More Efficient Utilization of Marine Resources through Multiscale Magnetic Resonance Imaging

Seafood plays an important role in the Norwegian economy and provides a valuable source of nutrition worldwide. Despite its value, an estimated one-third to one-half of all edible seafood is wasted, either due to spoilage or perceived quality defects. Therefore, creating consistent, high-quality products with a long shelf life is important both economically and environmentally. A challenge in achieving this goal is that the underlying physical properties of a raw material that will lead to a low or high quality final product are often poorly understood. Current evaluation methods are either subjective or limited to a small subsection of a sample. The project will adapt medical multiscale MRI techniques to create new characterisation methods for fish tissue.
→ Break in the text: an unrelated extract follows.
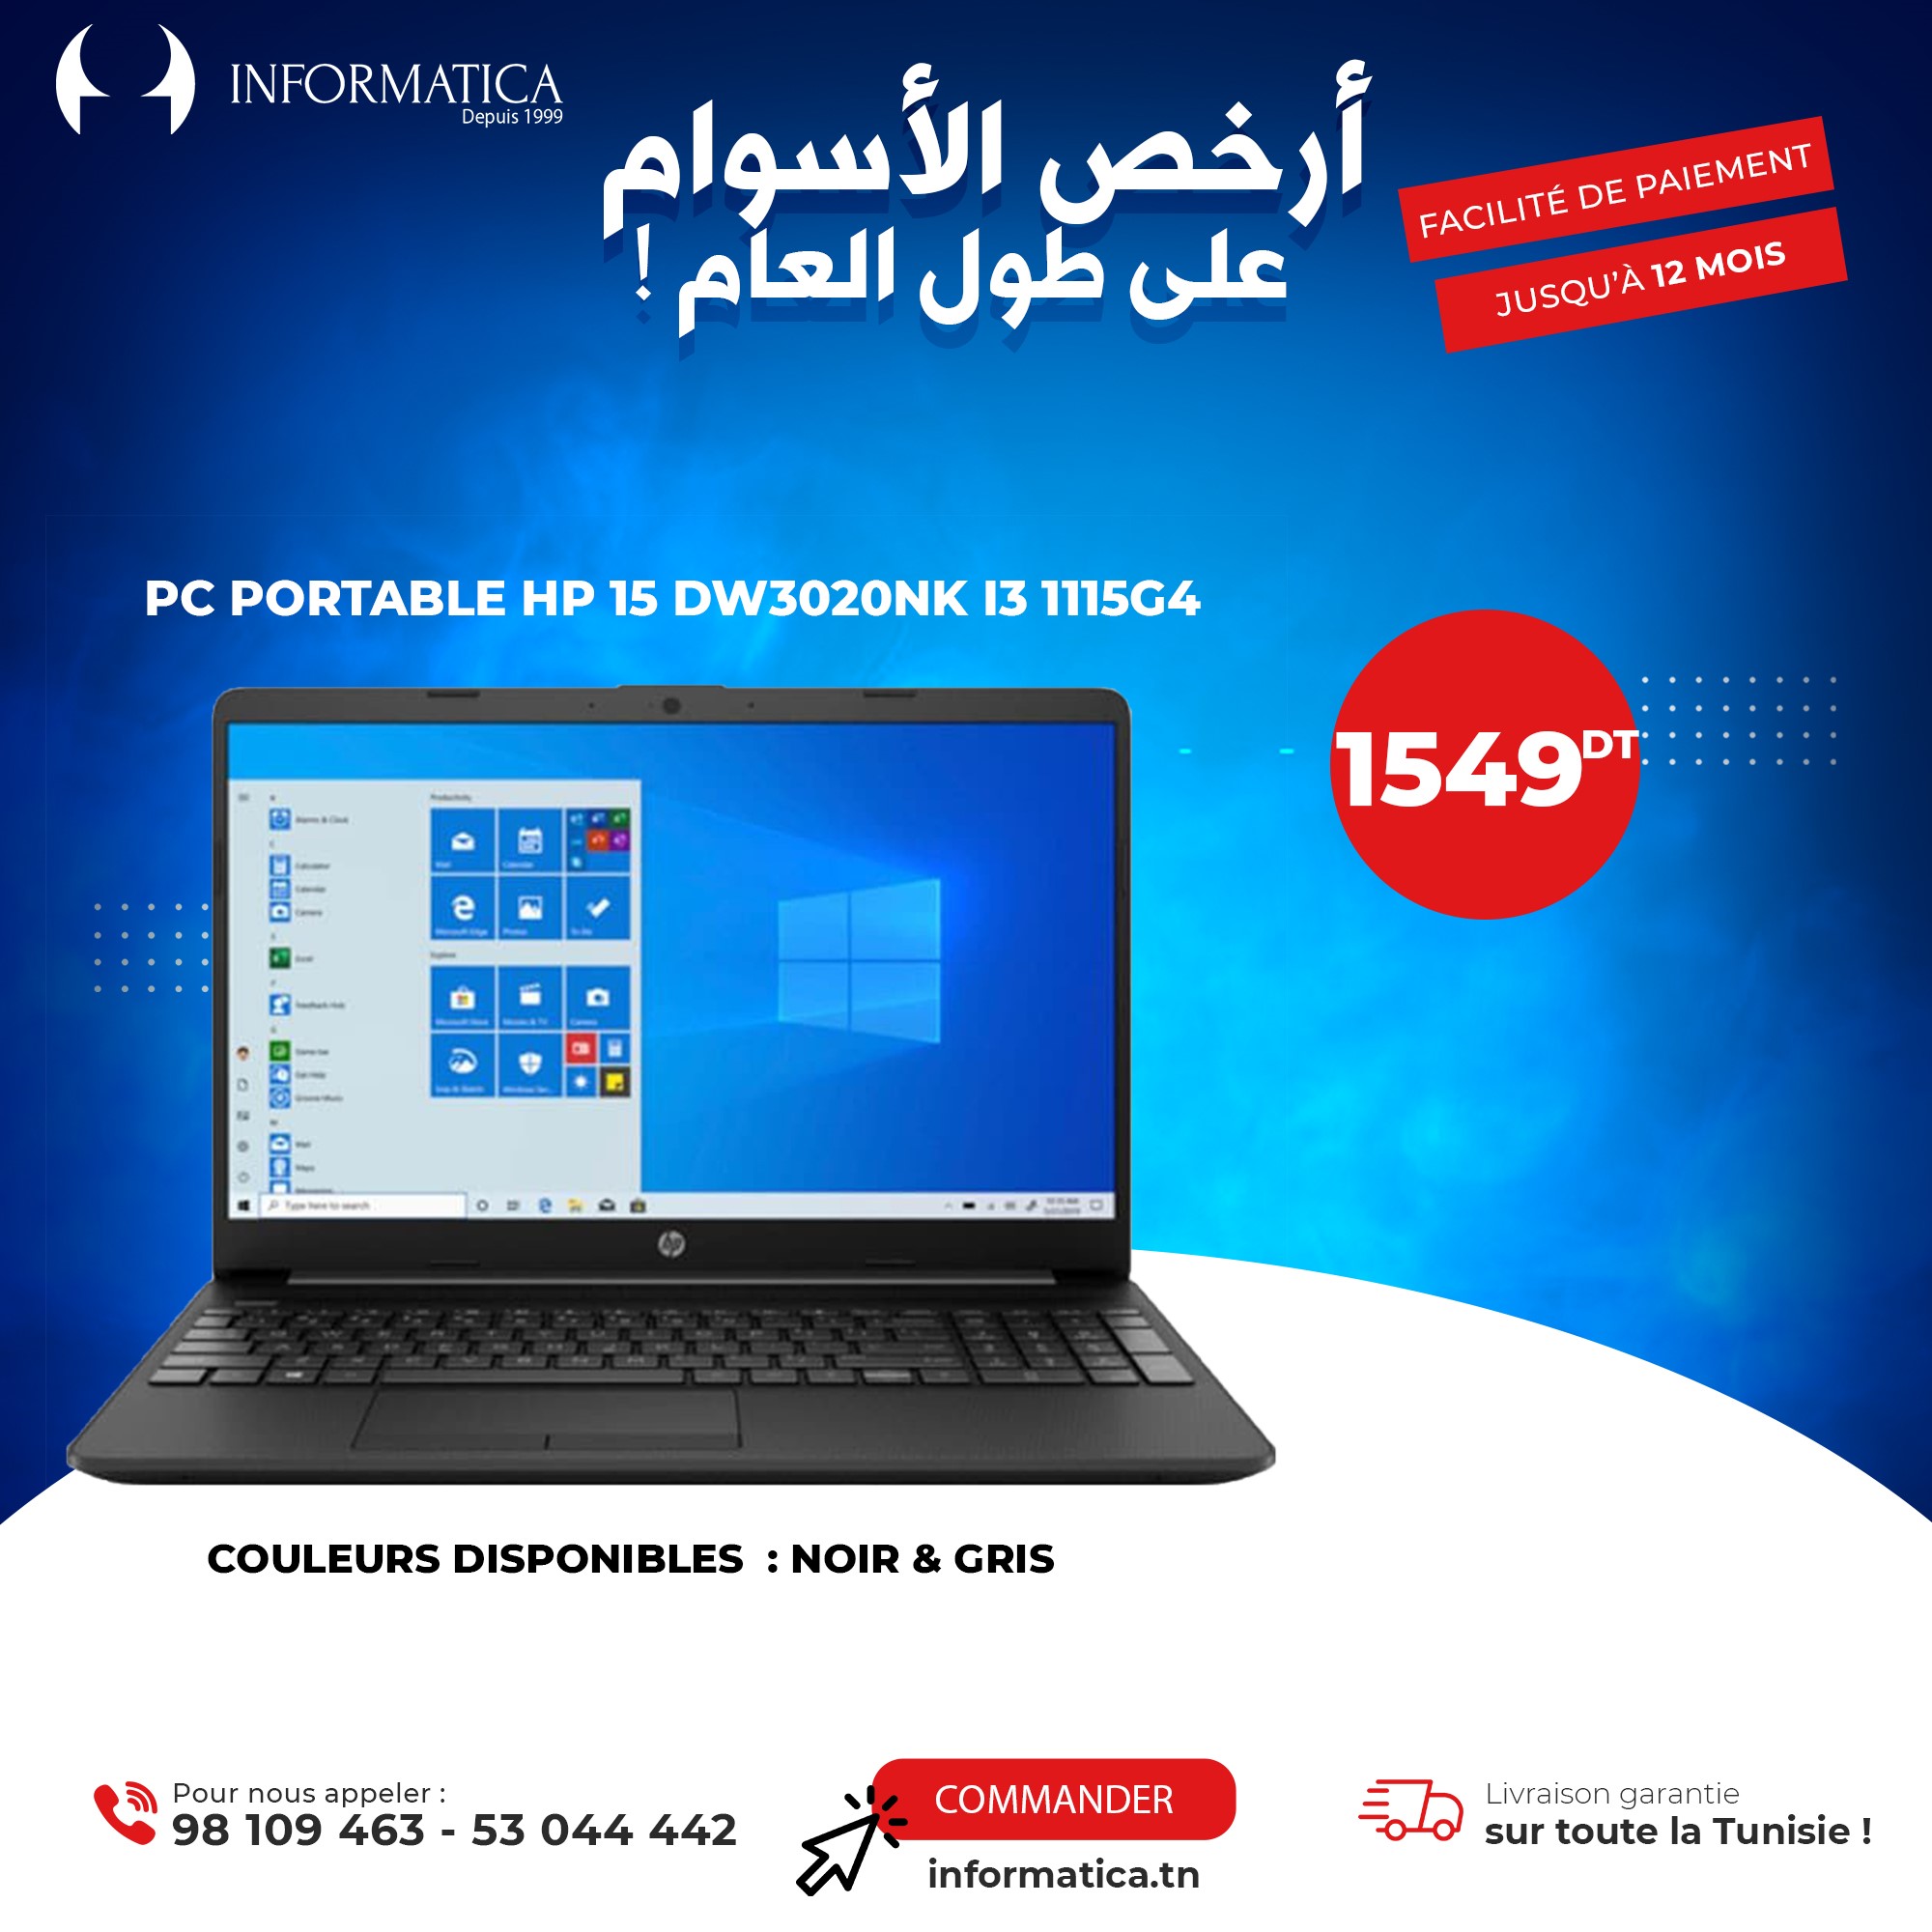 CLAVIER PC PORTABLE HP15 - stie tunisie

The adaptation of these techniques for non-medical use combined with machine learning will enable characterization of fish tissue at a combination of length scales and detail level not previously possible. This information will be used to provide descriptions of fish muscle structure that are both extensive and highly detailed for four types of product processing (freezing and thawing, smoke curing, salt drying, and storage) to see how different processing protocols affect product shelf life and quality. The project involves both fundamental materials research as well as the creation of new applied methods for quality control and product development for industrial use. The project will focus on fish, but the developed methods can be applied to other types of marine products.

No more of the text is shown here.